L’heure est grave. Le moment est venu pour que toutes les institutions nationales s’expliquent devant la Nation. Plus particulièrement le Président de la République en sa qualité de garant de la Nation.

L’inquiétude grandit chaque jour. Les nouvelles ne sont pas du tout rassurantes dans l’Est, particulièrement au Kivu où les combats ont repris de plus belle. L’intégrité territoriale est actuellement menacée et l’on enregistre des nouvelles inquiétantes et révoltantes: La partition du pays serait en train de se mettre en place avec le concours des forces occultes. Et toujours cette question lancinante. Pourquoi cette guerre perdure? Les FARDC sont-elles réellement incapables d’assurer L’intégrité territoriale et neutraliser toutes les forces négatives ? Si les FARDC n’arrivent pas à assurer leur mission de protéger les personnes et leurs biens, en même temps de sauvegarder l’intégrité territoriale, qui d’autre le ferait ? A quoi ont servi alors toutes ces réformes, ces sommes importantes débloquées pour une logistique adéquate?
L’heure est grave. Le moment est venu pour que toutes les institutions nationales s’expliquent devant la Nation. Plus particulièrement le président de la République en sa qualité de garant de la Nation, le gouvernement; le chef d’Etat major général des FARDC, les responsables des renseignements militaires et civils, la Monuc. La sécurité de personnes, de leurs biens, l’intégrité territoriale d’un Etat, d’une Nation ne se marchandent pas.
Sécurité au plan militaire, mais aussi sécurité sociale. Sur ce dernier front, la situation est également chaotique. Pas de rentrée scolaire, grève dans le secteur de la Santé, grogne dans les entreprises privées. Pas une lueur de solution à l’horizon. La première session du cadre permanent pour le Dialogue social n’était qu’un feu de paille. D’ailleurs, le contraire aurait surpris. Cette structure n’est nullement une “ boîte à solutions miracles ” pour autant qu’elle n’en a ni le pouvoir ni les moyens, son rôle étant purement consultatif.
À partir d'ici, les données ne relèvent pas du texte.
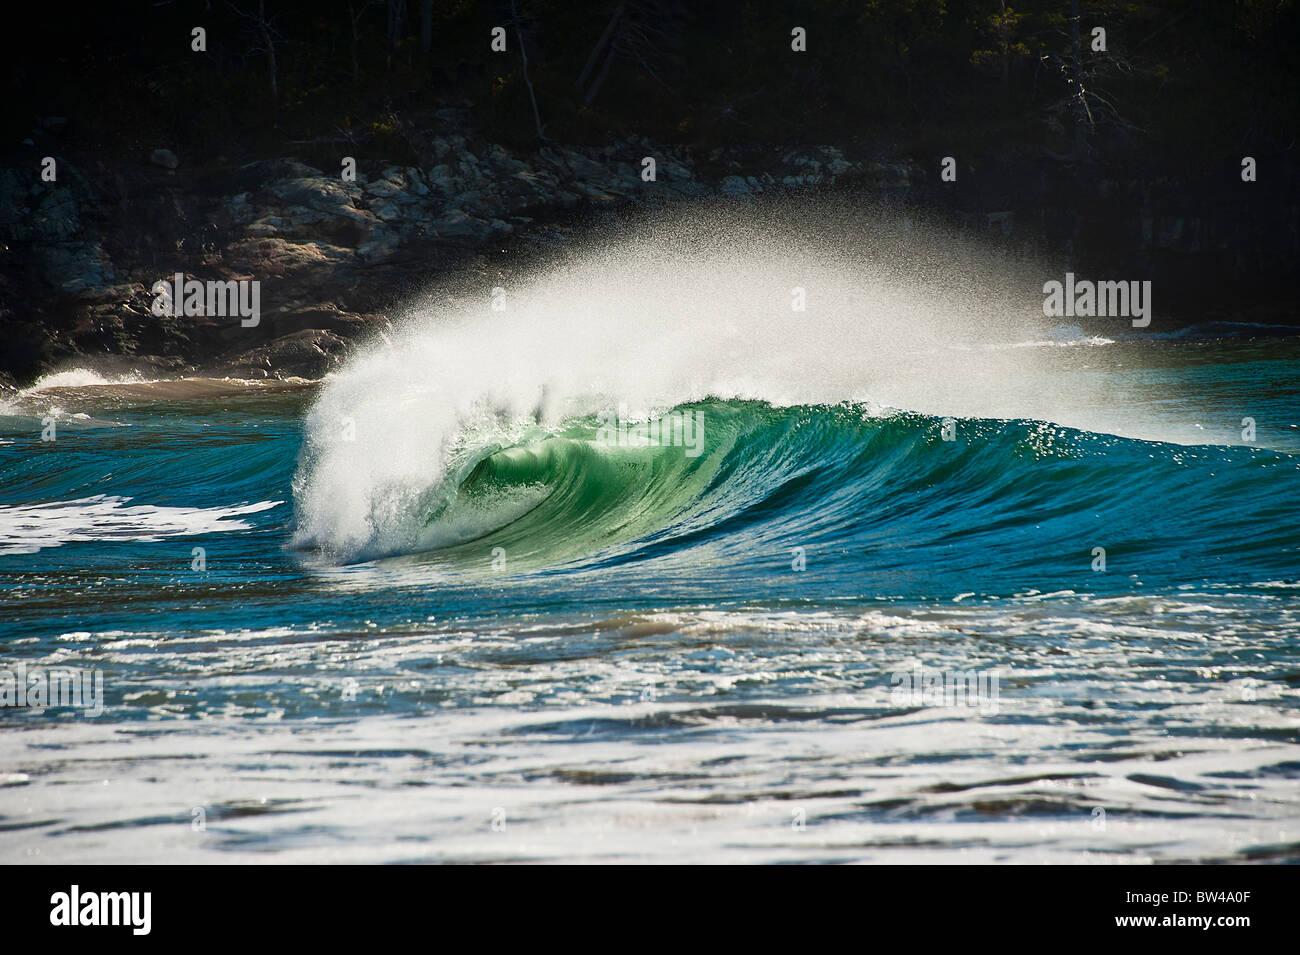 Wave breaking, Sand Beach, Acadia NP, Maine, USA - Stock Image
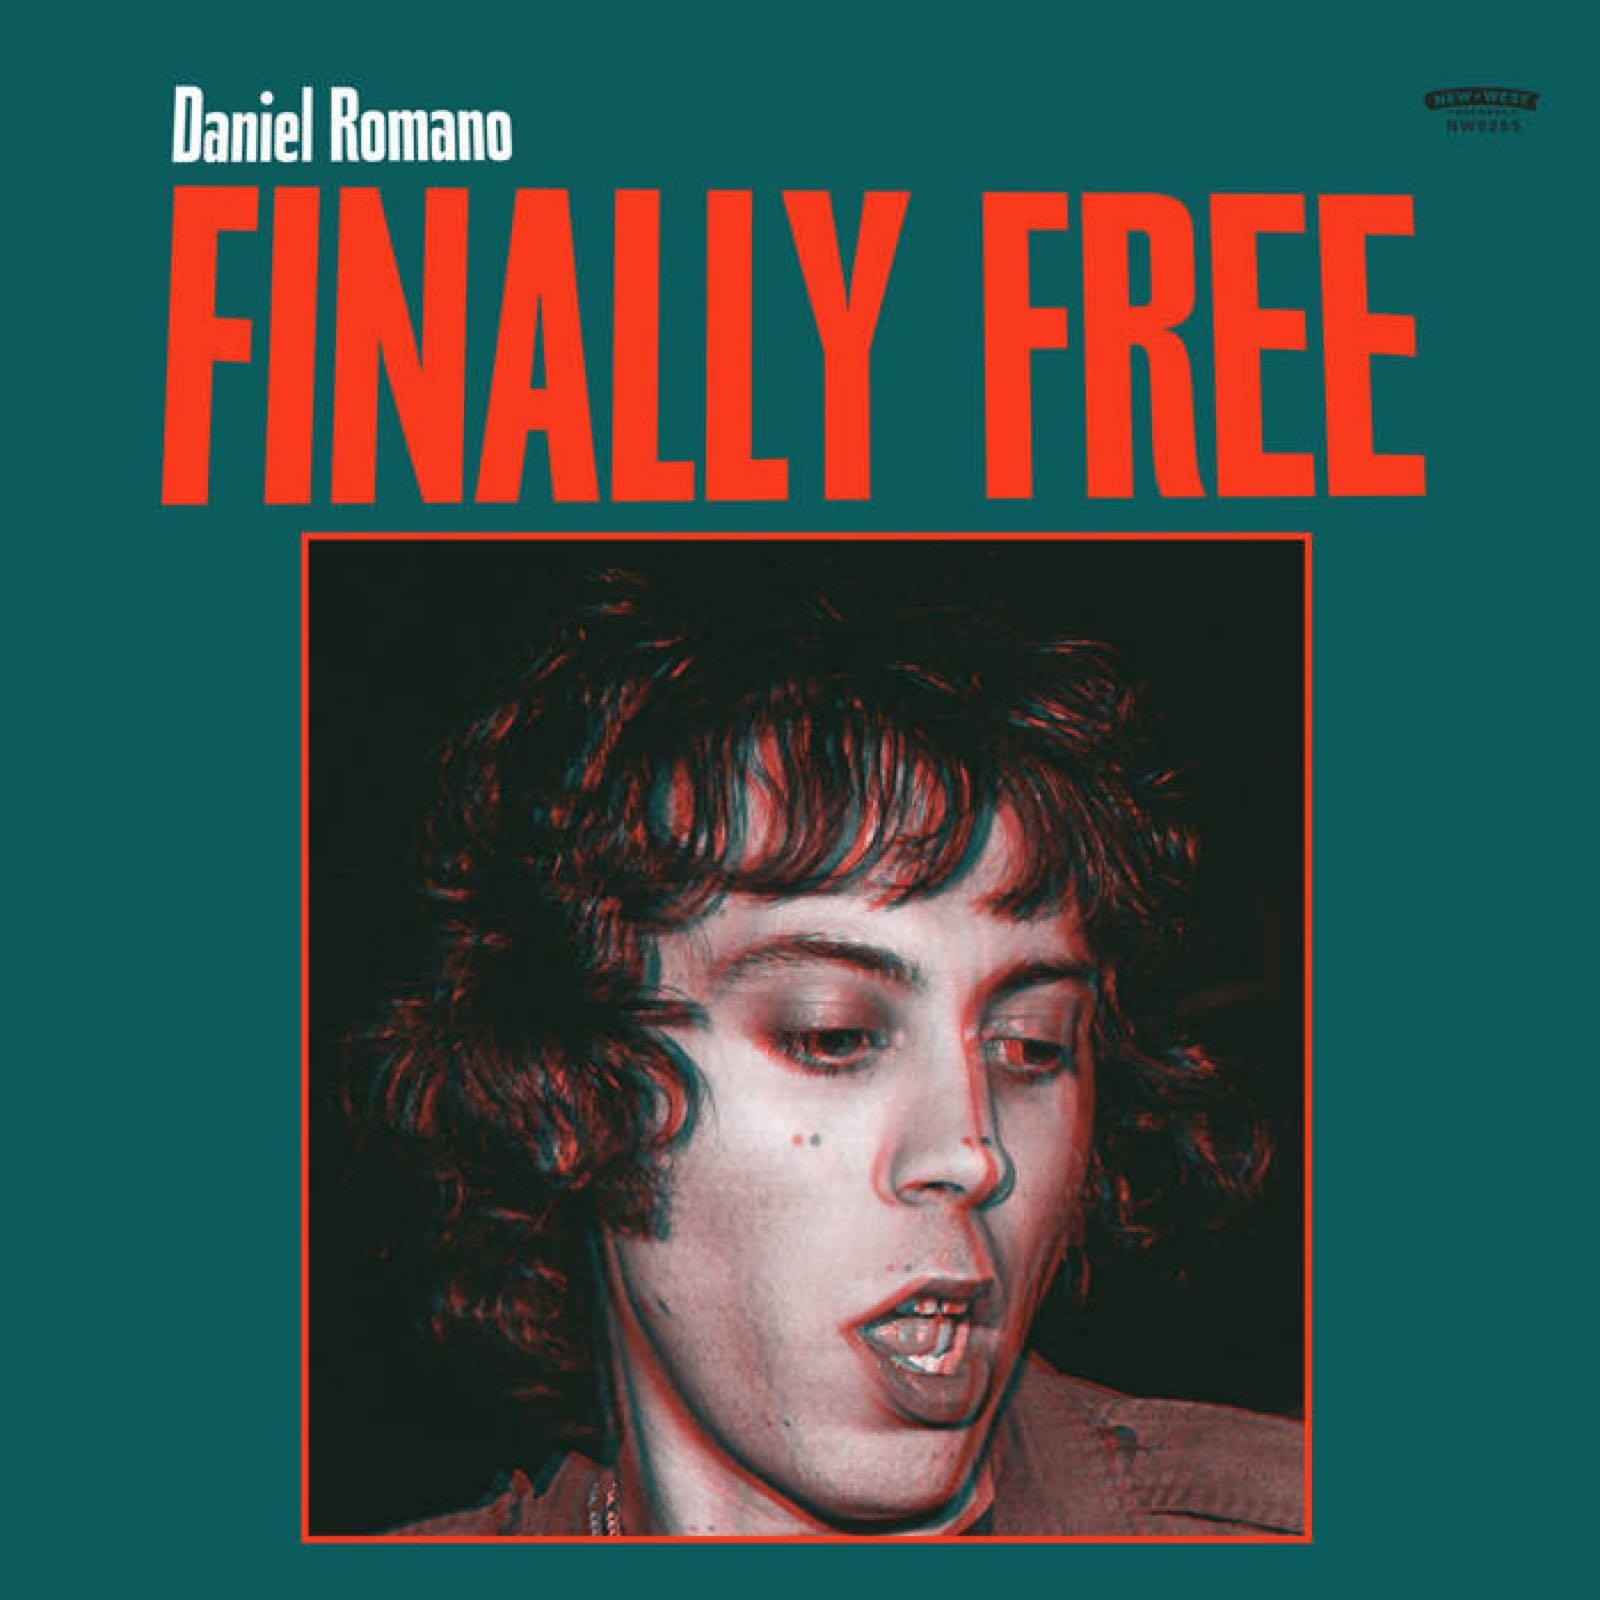 Daniel Romano - Finally Free [LP]

Mais comment expliquer que le gouvernement ne soit pas capable de se prononcer clairement ? Pas de réunion de “ cabinet de crise ” pour rassurer les populations. En lieu et place, l’on se contente des actes déplacés qui ne soulignent que l’irresponsabilité du gouvernement devant des situations aussi gravissimes et aux conséquences imprévisibles. Pourquoi s’adonner à des actions hvper-médiatiques avec la distribution des cahiers dans des écoles ciblées alors que le secteur de l’enseignement primaire et secondaire est en grève?
Non ! il est de ces manifestations que l’on ne peut jamais se le permettre devant des cas interpellateurs qu’est la grève des médecins et des enseignants. En pareilles circonstances, il revient au gouvernement de privilégier le dialogue constructif pour aboutir rapidement, comme on l’a fait avec les politiques, à une solution durable que de mépriser les agents principaux: enseignants et parents, par des actions individuelles sans impact positif sur la paix sociale et la qualité de l’enseignement. Cette approche indigeste de saupoudrage, force est de le souligner, dégage manifestement l’incapacité ou l’insouciance du gouvernement à trouver des solutions rapides, mais satisfaisantes dans tous les domaines de la vie sociale.
Insécurité le long des frontières. Insécurité sociale. Insécurité alimentaire. C’est le moment où jamais d’assurer la sécurité intégrale au sens large du terme, au peuple congolais. C’est le moment de justifier tout ce “ bonus ” des finances publiques dans l’exécution du budget de l’Etat que l’on a brandis pour s’attaquer à ces problèmes d’une extrême importance. Il y va désormais de la stabilité du pays et de ses institutions nationales.